> [Task description] With pictures removed, print the listing exactly.

> [Information provided]
□ □ □ □
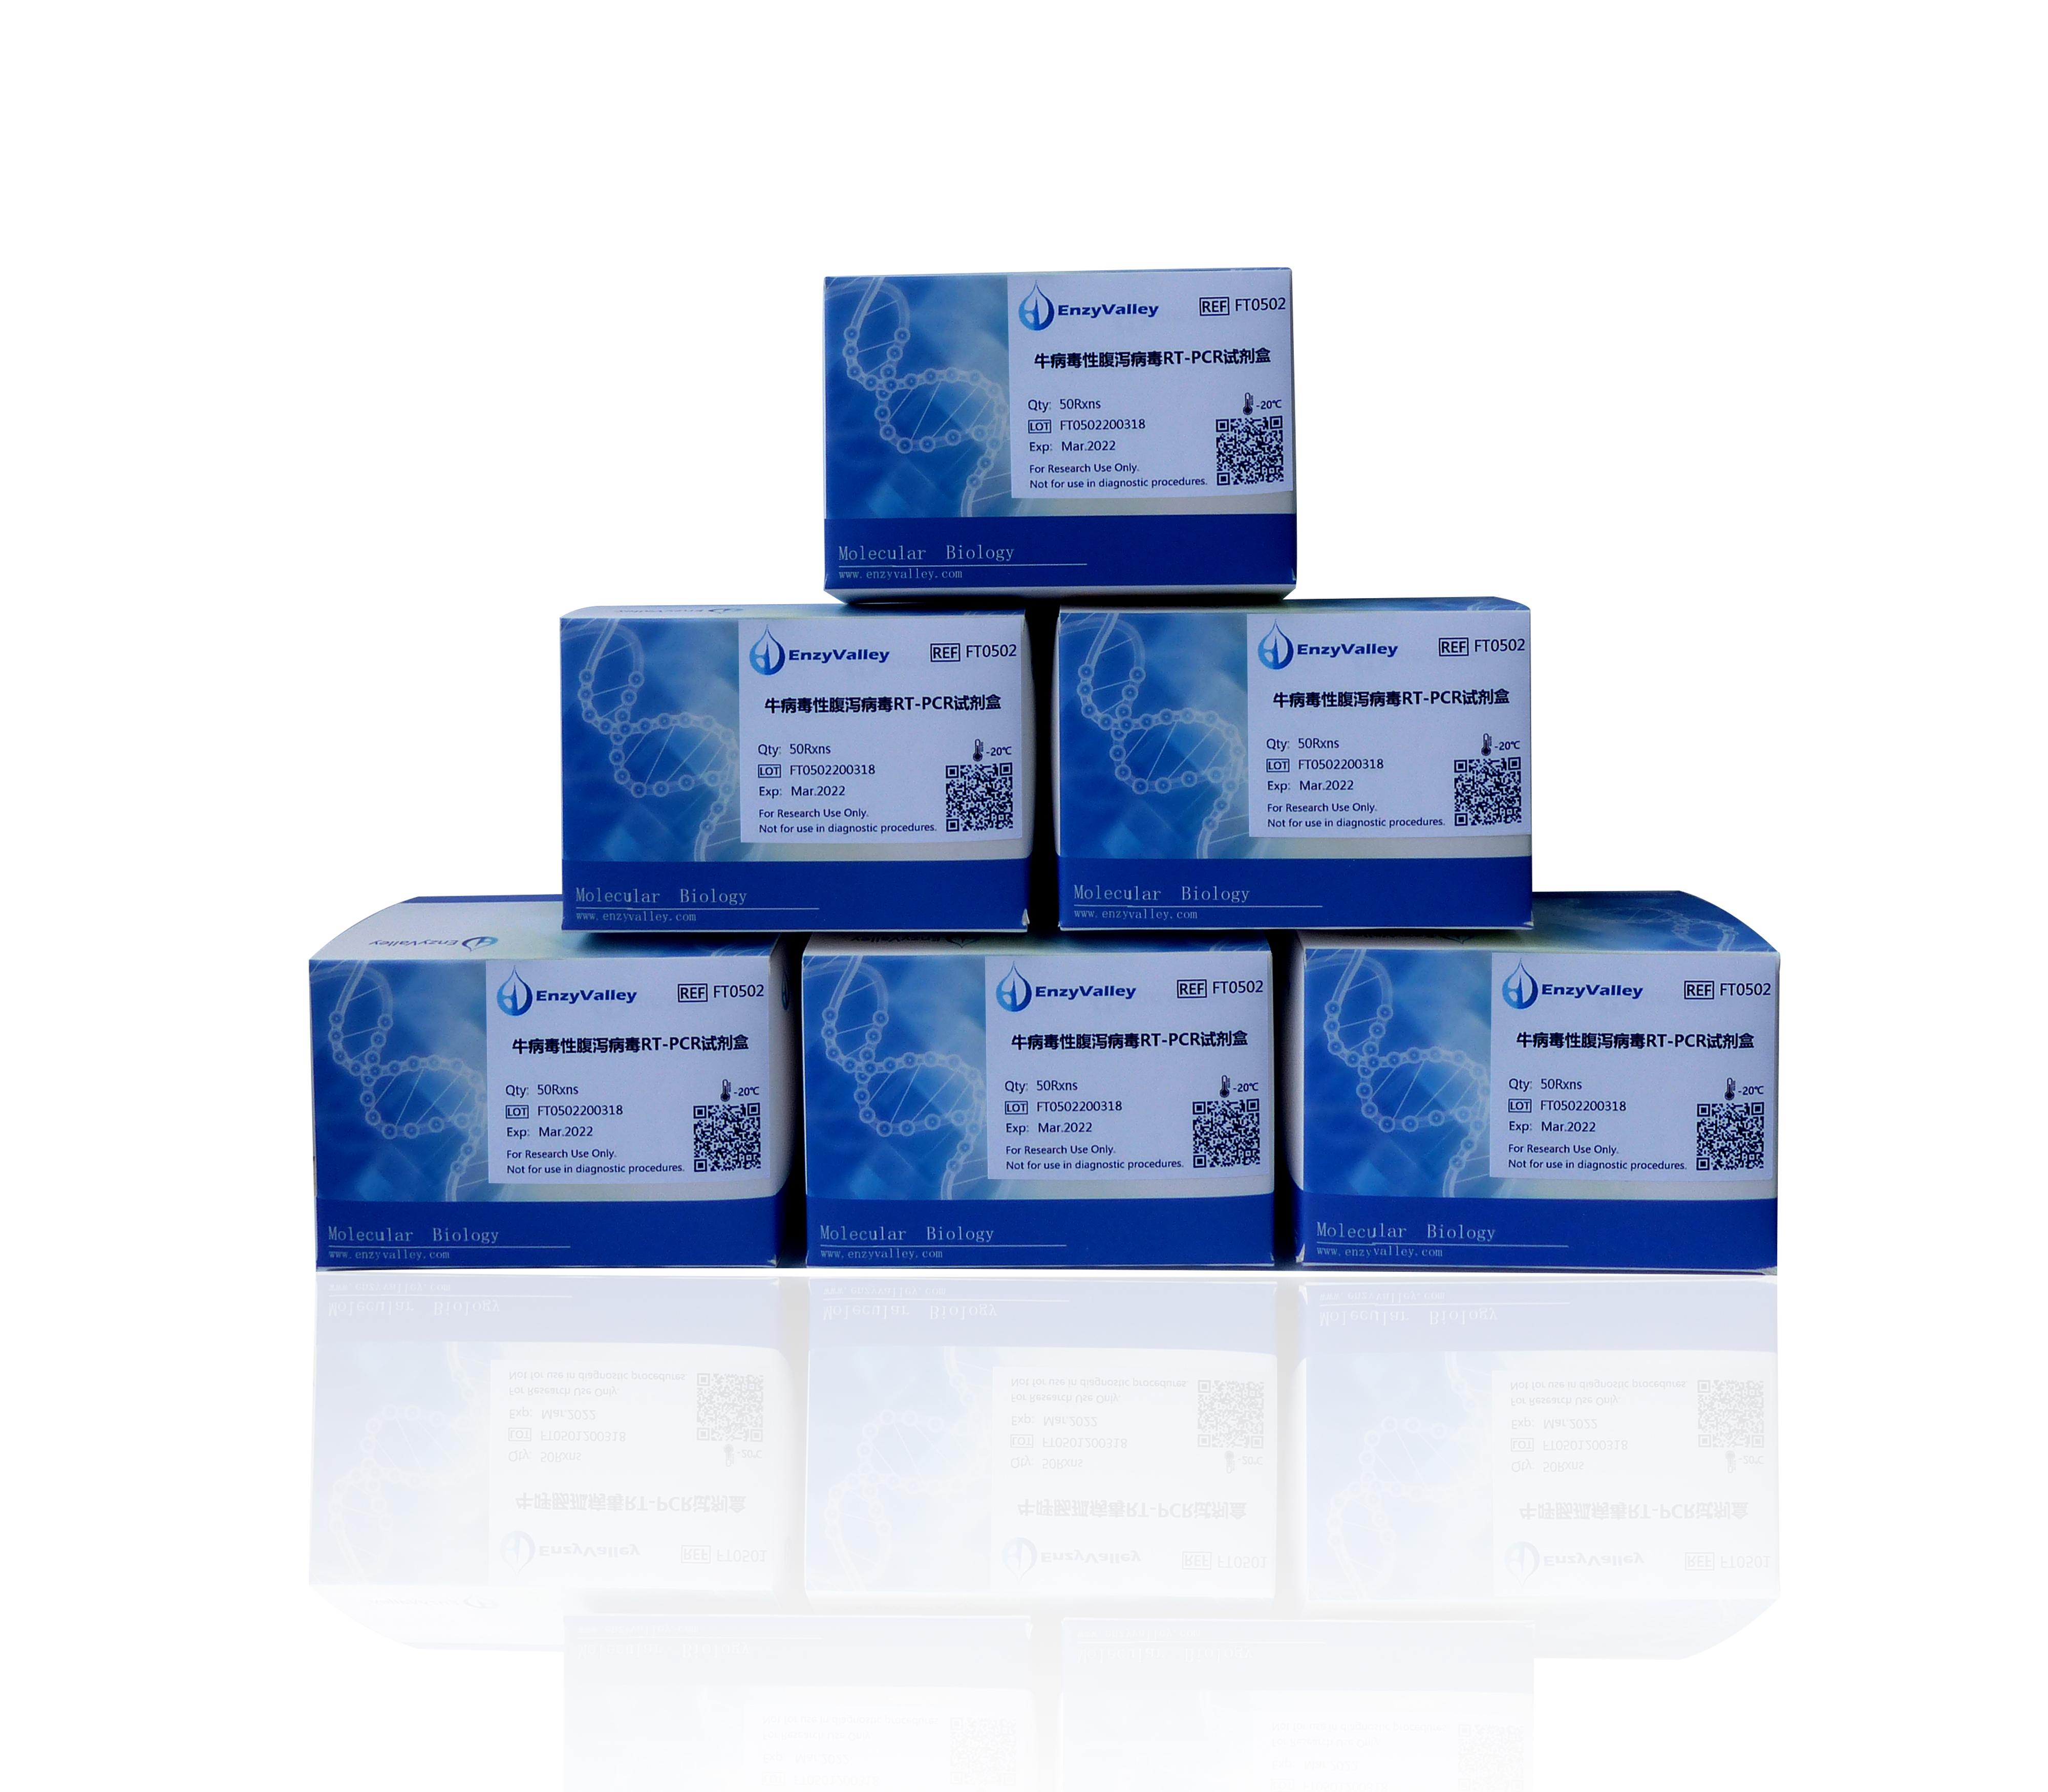 牛病毒性腹泻病毒RT-PCR试剂盒
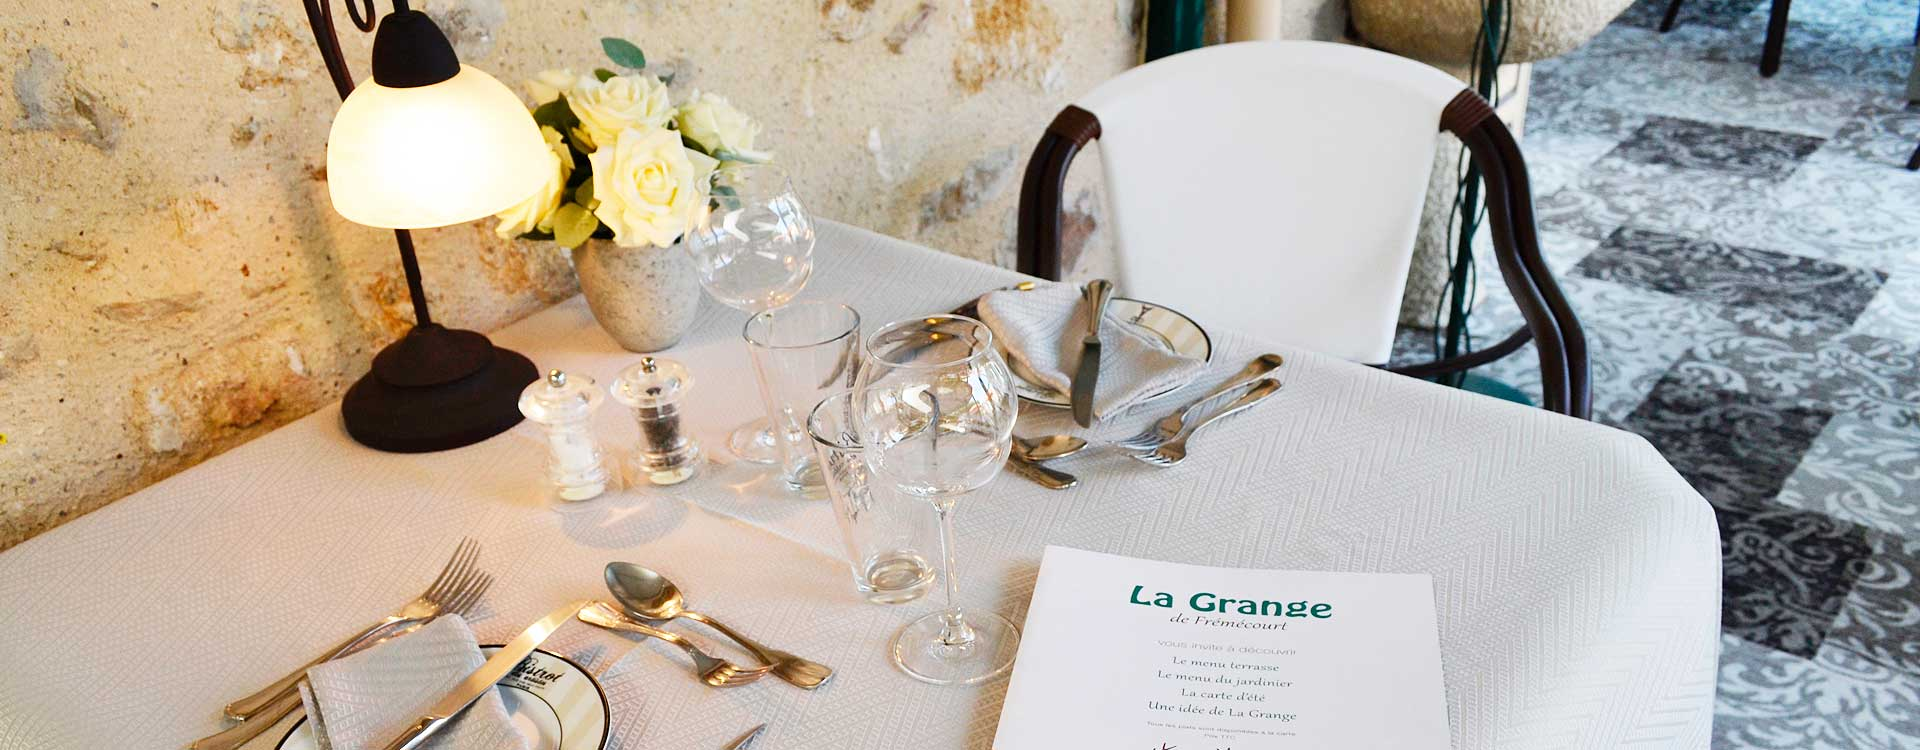 restaurant_laGrange-8
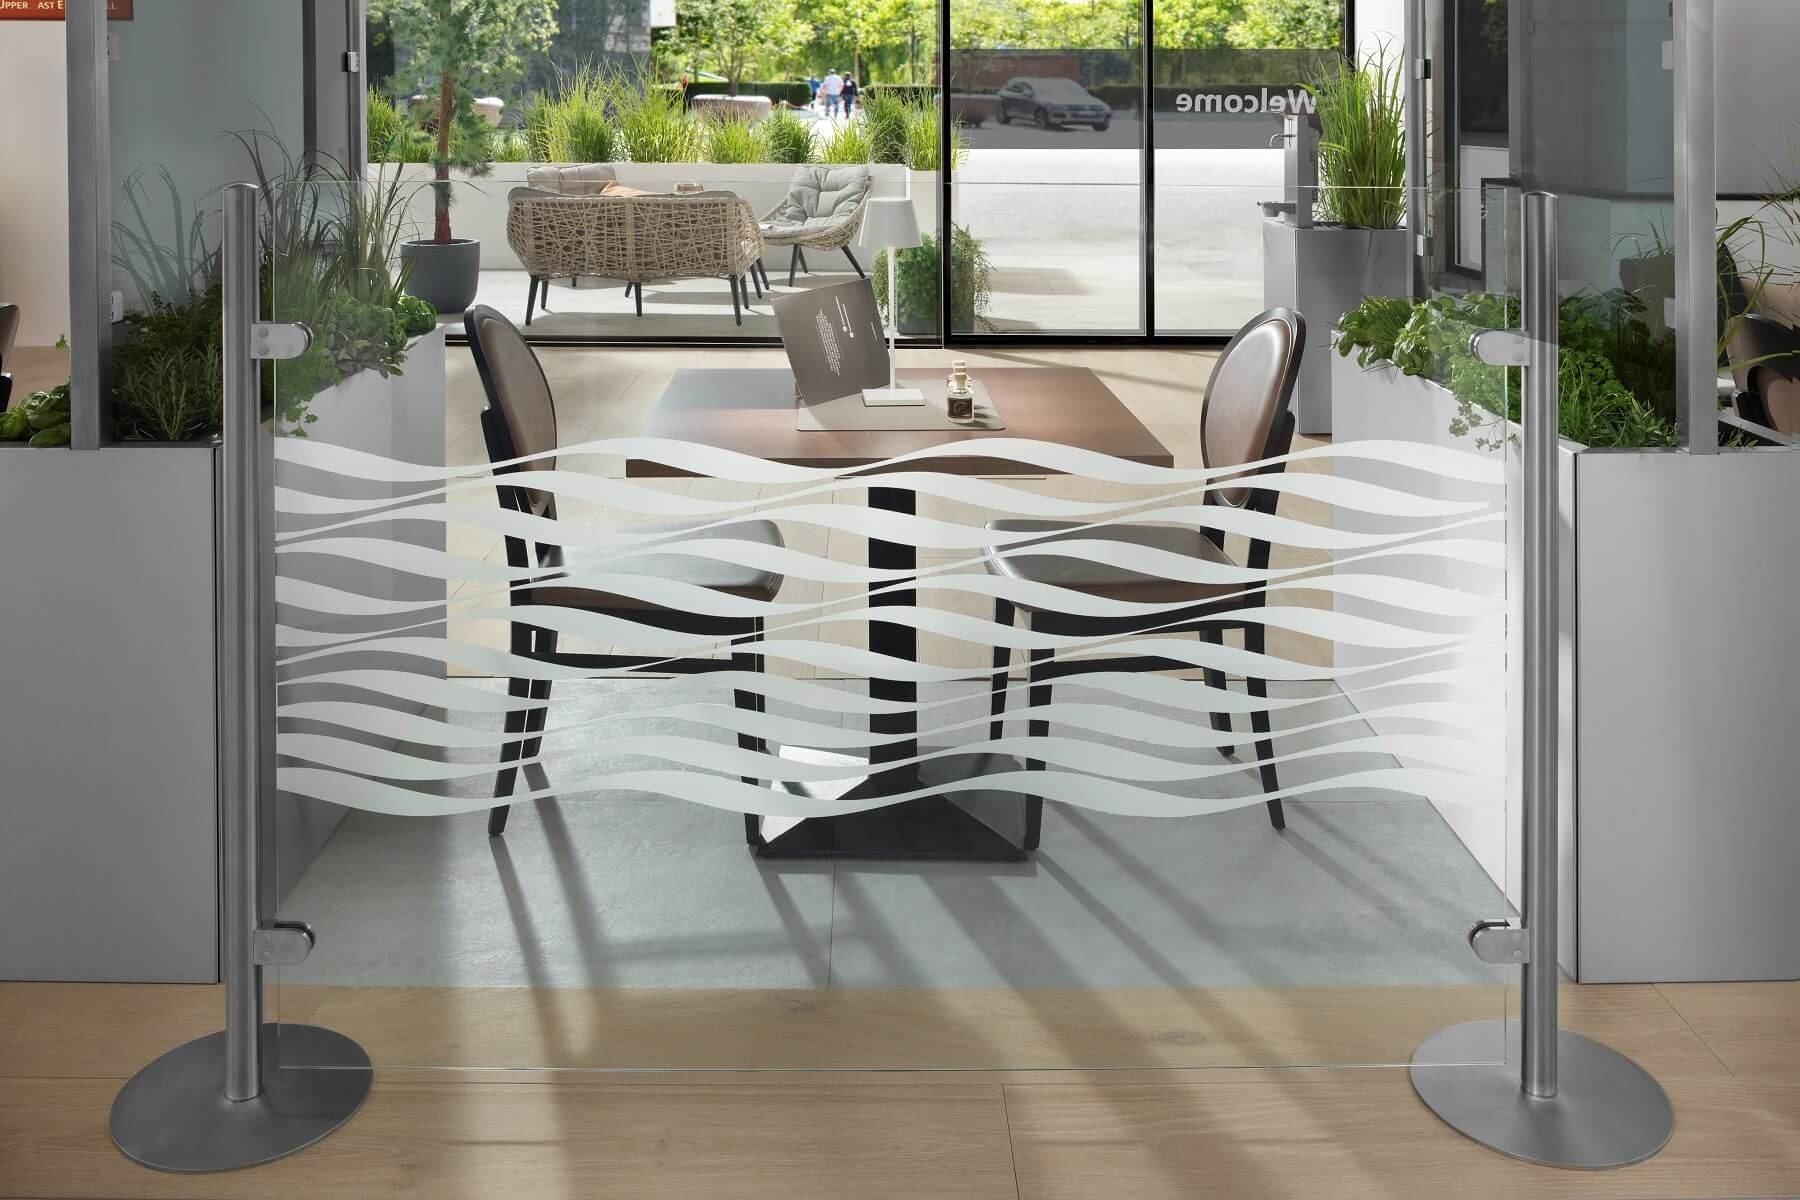 Stellwand aus Glas mit Tellerfüssen als Trennwand im Restaurant
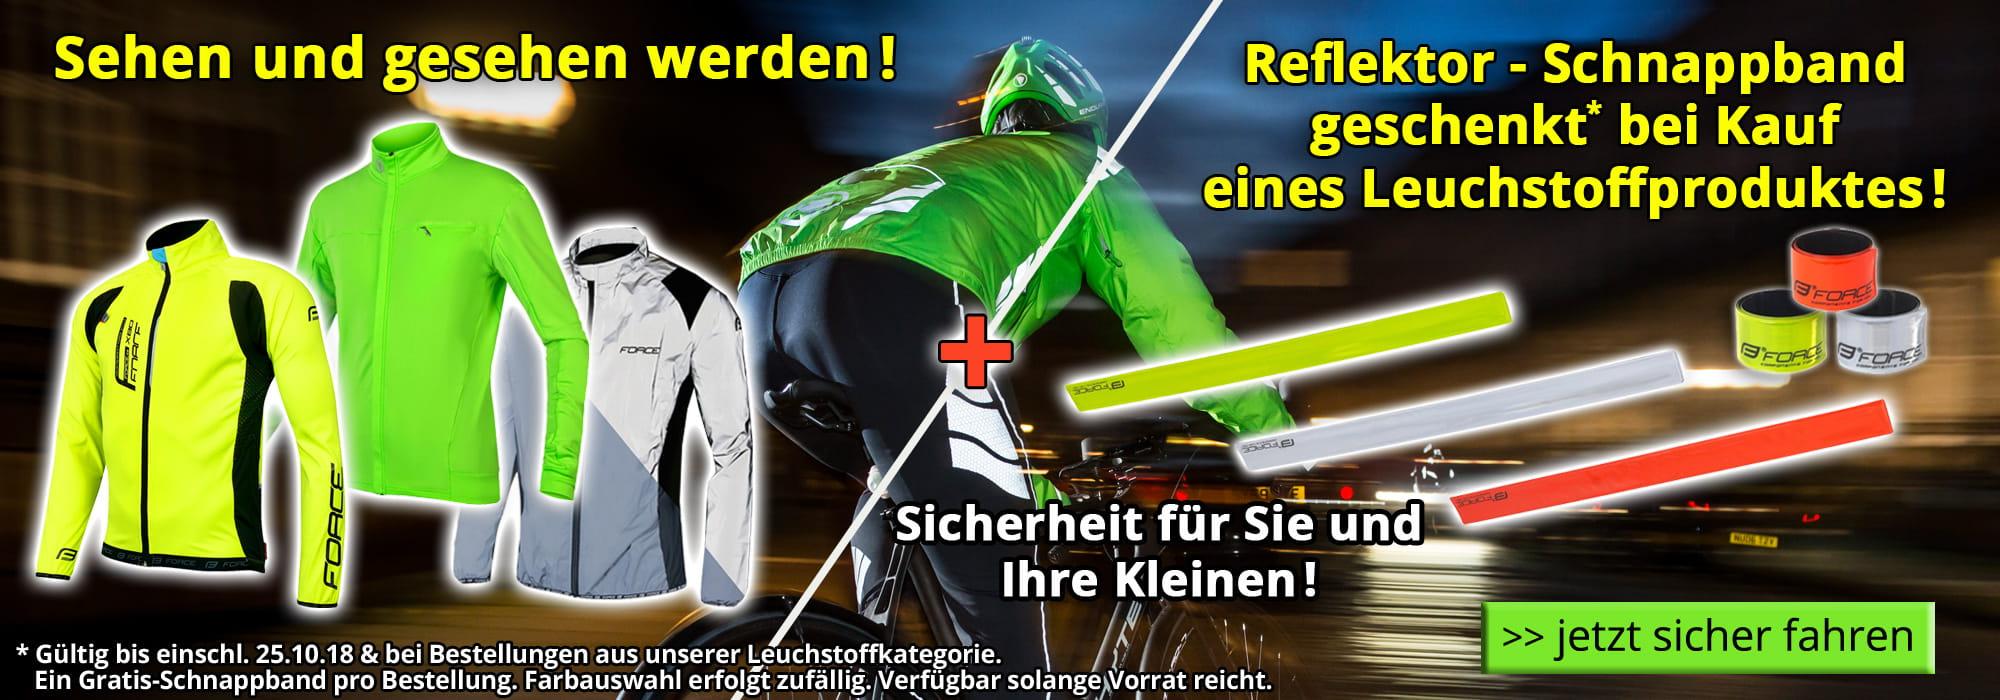 Reflektor - Schnappband geschenkt beim Kauf eines Leuchtstoffproduktes
□ □ □ □
> [Response to this exercise]
 牛病毒性腹泻病毒RT-PCR试剂盒
 restaurant_laGrange-8
 Stellwand aus Glas mit Tellerfüssen als Trennwand im Restaurant
 Reflektor - Schnappband geschenkt beim Kauf eines Leuchtstoffproduktes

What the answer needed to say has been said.